You forgot to mention that the 16GB comes with 2GB RAM while the 32GB one comes with 3GB RAM.

Also looks like a great phone for the specs and the price but being a chinese brand it will have a hard time competing againsts the likes of N5,G2,Z1 etc


----------



## omega44-xt (Dec 25, 2013)

On paper its camera is great........ Let's see if its good in real life


----------



## Hrishi (Dec 25, 2013)

The question that comes in context with such expensive device is its after sales. 30k for a non established brand here is kind of difficult to buy.
The phone no doubt is innovative.


----------



## rijinpk1 (Dec 25, 2013)

soon most chinese companies will start shipping 25k+ phones and i really doubt they survive


----------



## quagmire (Dec 25, 2013)

^But none with a Krait 400 processor @2.5Ghz..

Gionee has done something that could prove fatal to local companies like MMX, Karbonn etc..

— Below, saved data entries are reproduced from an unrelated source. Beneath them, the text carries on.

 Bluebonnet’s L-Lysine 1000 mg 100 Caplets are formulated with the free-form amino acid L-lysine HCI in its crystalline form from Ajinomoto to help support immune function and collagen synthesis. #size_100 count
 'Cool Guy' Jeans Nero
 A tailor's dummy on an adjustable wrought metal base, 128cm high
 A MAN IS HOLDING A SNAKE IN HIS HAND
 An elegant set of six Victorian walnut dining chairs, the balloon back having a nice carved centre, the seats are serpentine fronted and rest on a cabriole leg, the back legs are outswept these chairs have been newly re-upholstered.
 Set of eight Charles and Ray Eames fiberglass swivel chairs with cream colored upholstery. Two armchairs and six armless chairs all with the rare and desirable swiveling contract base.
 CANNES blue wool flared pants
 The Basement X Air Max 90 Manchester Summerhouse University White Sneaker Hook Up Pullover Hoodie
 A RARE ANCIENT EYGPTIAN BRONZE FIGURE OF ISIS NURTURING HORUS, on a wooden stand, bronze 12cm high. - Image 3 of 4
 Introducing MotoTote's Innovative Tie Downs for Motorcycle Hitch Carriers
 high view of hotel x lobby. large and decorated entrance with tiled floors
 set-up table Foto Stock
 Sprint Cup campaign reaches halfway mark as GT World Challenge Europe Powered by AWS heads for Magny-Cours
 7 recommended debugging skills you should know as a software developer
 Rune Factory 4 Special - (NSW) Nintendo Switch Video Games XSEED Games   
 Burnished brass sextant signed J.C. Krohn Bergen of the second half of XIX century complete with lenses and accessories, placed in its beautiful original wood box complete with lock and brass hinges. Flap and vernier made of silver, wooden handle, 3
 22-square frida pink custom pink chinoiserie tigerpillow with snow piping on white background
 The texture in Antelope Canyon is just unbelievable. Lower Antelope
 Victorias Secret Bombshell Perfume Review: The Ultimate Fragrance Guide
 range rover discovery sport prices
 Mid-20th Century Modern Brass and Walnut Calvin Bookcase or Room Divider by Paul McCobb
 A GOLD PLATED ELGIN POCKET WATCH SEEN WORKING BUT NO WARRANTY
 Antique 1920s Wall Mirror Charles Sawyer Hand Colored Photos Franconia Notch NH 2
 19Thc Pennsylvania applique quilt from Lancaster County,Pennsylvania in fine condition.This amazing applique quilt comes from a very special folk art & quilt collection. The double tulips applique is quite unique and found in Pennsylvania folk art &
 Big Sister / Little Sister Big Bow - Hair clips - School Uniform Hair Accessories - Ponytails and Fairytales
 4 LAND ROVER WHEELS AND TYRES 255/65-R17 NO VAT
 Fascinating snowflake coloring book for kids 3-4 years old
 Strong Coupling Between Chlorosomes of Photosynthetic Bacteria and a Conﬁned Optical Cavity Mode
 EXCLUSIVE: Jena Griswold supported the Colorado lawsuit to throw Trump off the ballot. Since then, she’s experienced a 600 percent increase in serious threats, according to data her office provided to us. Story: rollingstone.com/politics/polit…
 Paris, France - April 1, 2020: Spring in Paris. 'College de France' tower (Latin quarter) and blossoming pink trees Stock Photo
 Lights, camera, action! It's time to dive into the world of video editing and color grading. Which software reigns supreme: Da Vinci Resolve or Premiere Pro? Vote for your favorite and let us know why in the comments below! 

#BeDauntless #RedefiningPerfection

Snapdragon 800 is very expensive SOC, I wonder how much their profit margin is..


----------



## rijinpk1 (Dec 25, 2013)

quagmire said:


> ^But none with a Krait 400 processor @2.5Ghz..
> 
> Gionee has done something that could prove fatal to local companies like MMX, Karbonn etc..
> 
> Snapdragon 800 is very expensive SOC, I wonder how much their profit margin is..




yep, i agree that. the chipset is very powerful. what i intended to say is that these chinese companies will start shipping 25k+ phones with a lower end/underpowered chipset. it is what going to happen likely.


----------